Investors are analyzing the sometimes counterintuitive behavior of stock markets. File photo: AFP / Romeo Gacad

Forced quarantine has bankrupted of hundreds of companies, and millions of people have lost their jobs. In terms of mental health, there has been a substantial increase in stress and anxiety. Loneliness, depression, harmful alcohol consumption, drug use and self-harm or suicidal behavior are also expected to rise. 

Border restrictions are slowly being eased around the world and people can finally leave their homes without the fear of being fined, but quarantine measures could be reimposed.

Croatia has already reimposed quarantine for visitors from its four Balkan neighbors, according to Euronews. The British Broadcasting Corporation reported that German authorities in the state of North Rhine-Westphalia have reimposed lockdowns. China locked down 40 neighborhoods of Beijing after a cluster of cases in June.

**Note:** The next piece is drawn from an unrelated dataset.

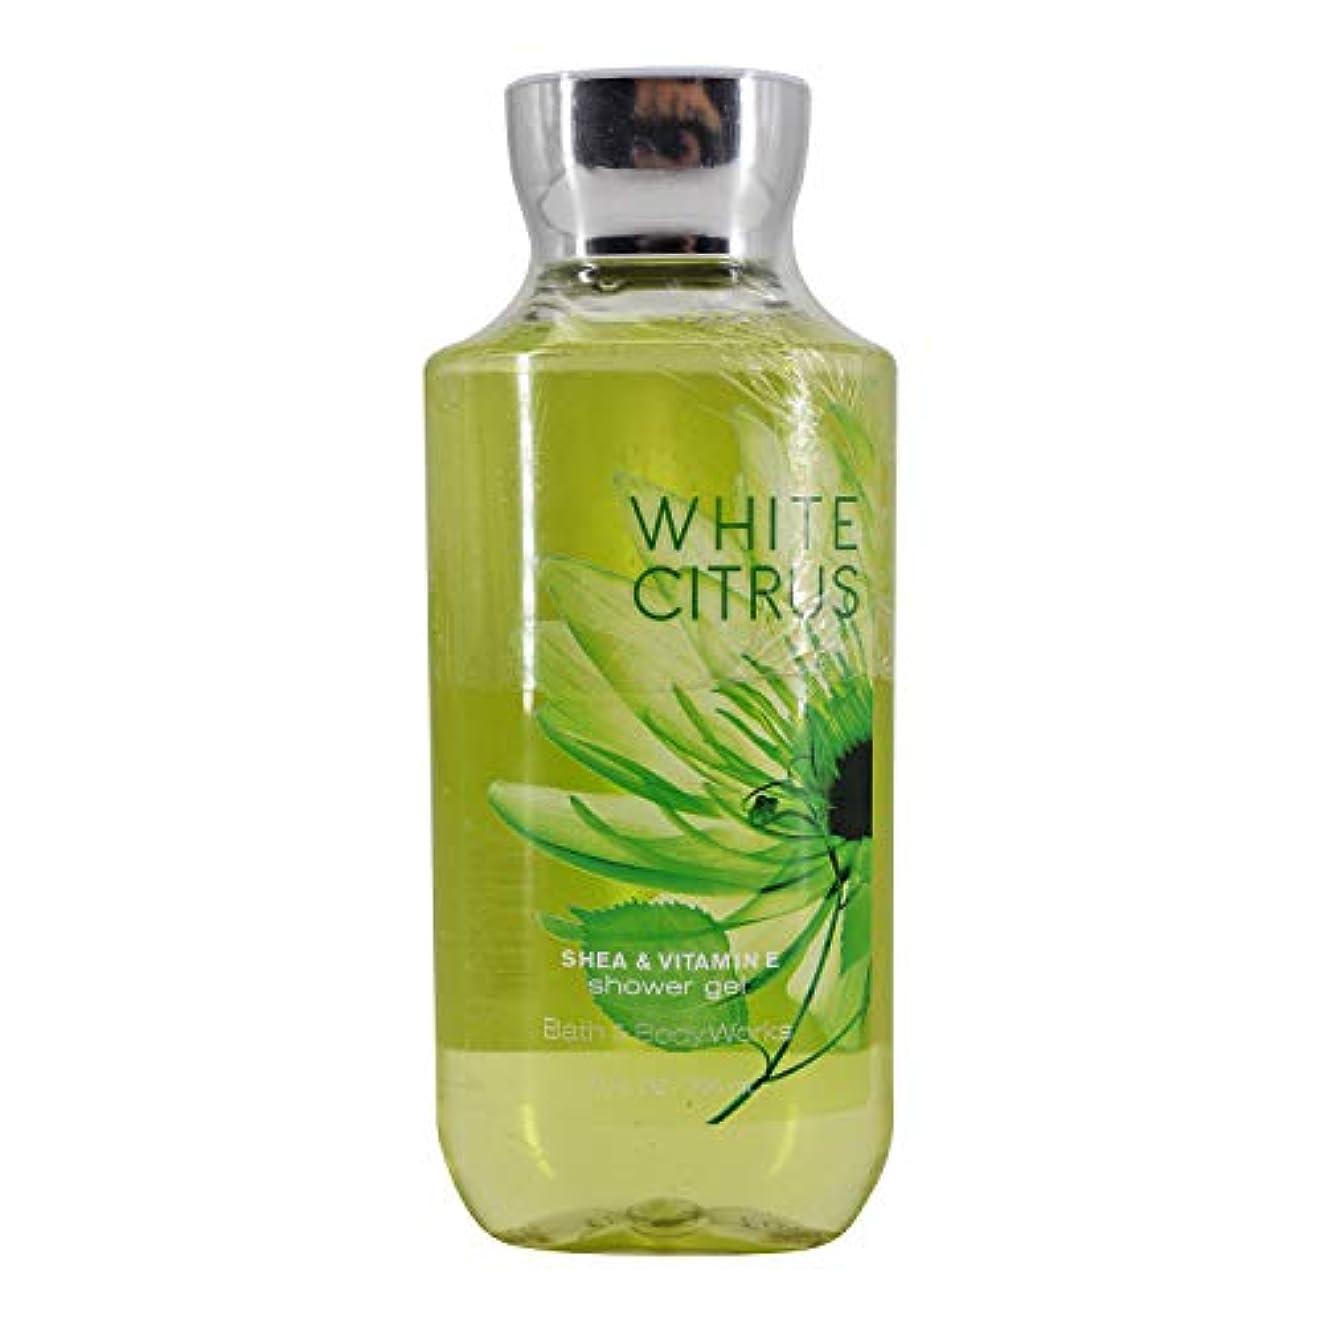 無効イースター威する【Bath&Body Works/バス&ボディワークス】 シャワージェル ホワイトシトラス Shower Gel White Citrus 10 fl oz / 295 mL [並行輸入品]

Nevertheless, this doesn’t mean that all industries will be equally affected. Some may benefit from a second lockdown as they did in the second quarter. Among them were data-storage services, online food ordering and delivery platforms, hardware and building supplies retailing, and e-commerce.

For a comparison of productivity changes, see this chart:

There is one more segment that has experienced substantial growth during the Covid-19 crisis – the sustainable finance market. Companies in all sectors, from energy to materials to technology and beyond, have engaged in finance activities aimed at environmental, social or governance (ESG) benefits. 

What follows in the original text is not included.